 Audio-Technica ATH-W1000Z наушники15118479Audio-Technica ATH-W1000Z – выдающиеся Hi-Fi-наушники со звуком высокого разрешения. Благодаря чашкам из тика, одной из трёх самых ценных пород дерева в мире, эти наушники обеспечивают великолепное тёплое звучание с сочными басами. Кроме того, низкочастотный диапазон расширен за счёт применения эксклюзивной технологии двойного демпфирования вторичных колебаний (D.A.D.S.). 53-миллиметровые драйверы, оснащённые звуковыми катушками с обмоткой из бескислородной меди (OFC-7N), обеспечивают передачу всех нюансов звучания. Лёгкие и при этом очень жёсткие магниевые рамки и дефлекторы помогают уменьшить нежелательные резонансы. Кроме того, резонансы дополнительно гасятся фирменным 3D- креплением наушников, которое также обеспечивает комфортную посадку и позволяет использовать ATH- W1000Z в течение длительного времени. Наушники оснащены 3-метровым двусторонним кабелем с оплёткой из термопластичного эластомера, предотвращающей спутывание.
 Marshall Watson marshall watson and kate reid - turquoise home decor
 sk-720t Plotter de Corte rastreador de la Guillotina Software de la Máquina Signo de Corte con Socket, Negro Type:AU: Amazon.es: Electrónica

————————

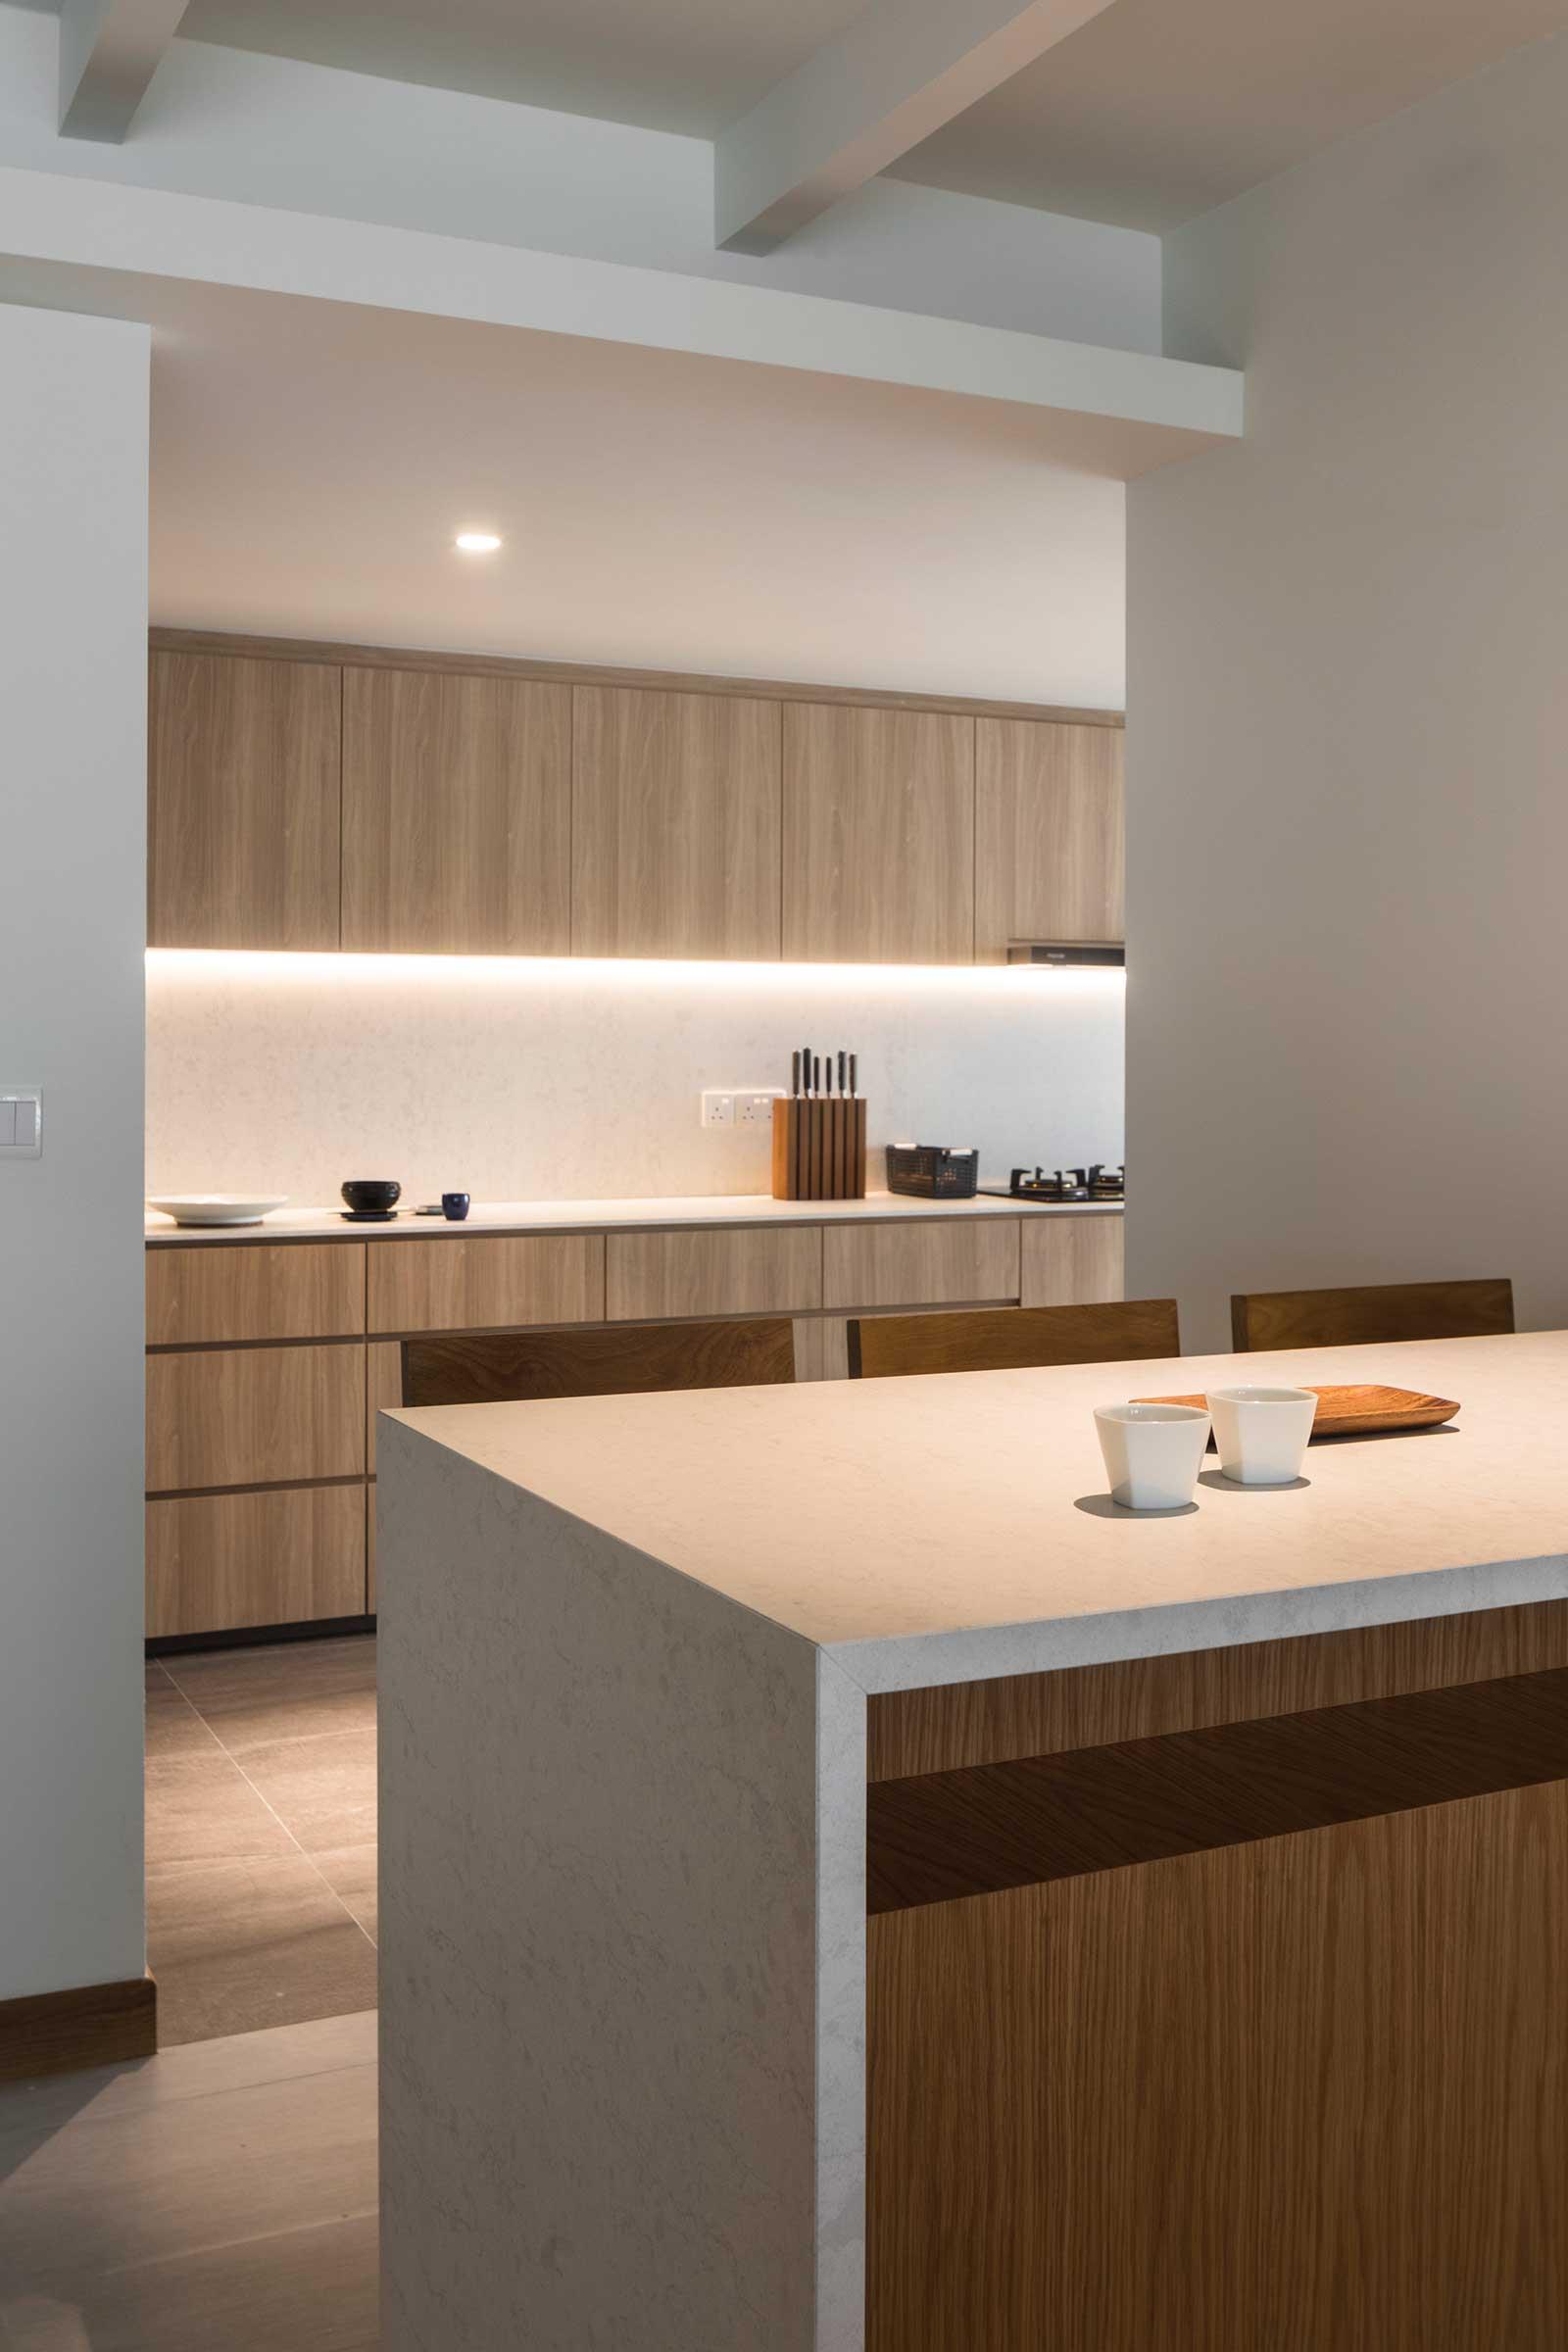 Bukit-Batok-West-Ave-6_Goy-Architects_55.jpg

————————

#### PROBLEM STATEMENT:
From the records above, retype only the lines starting at the line that contains "Marshall Watson marshall" and ending at the line that contains "sk-720t Plotter de", both included.

#### ANSWER BOX:
 Marshall Watson marshall watson and kate reid - turquoise home decor
 sk-720t Plotter de Corte rastreador de la Guillotina Software de la Máquina Signo de Corte con Socket, Negro Type:AU: Amazon.es: Electrónica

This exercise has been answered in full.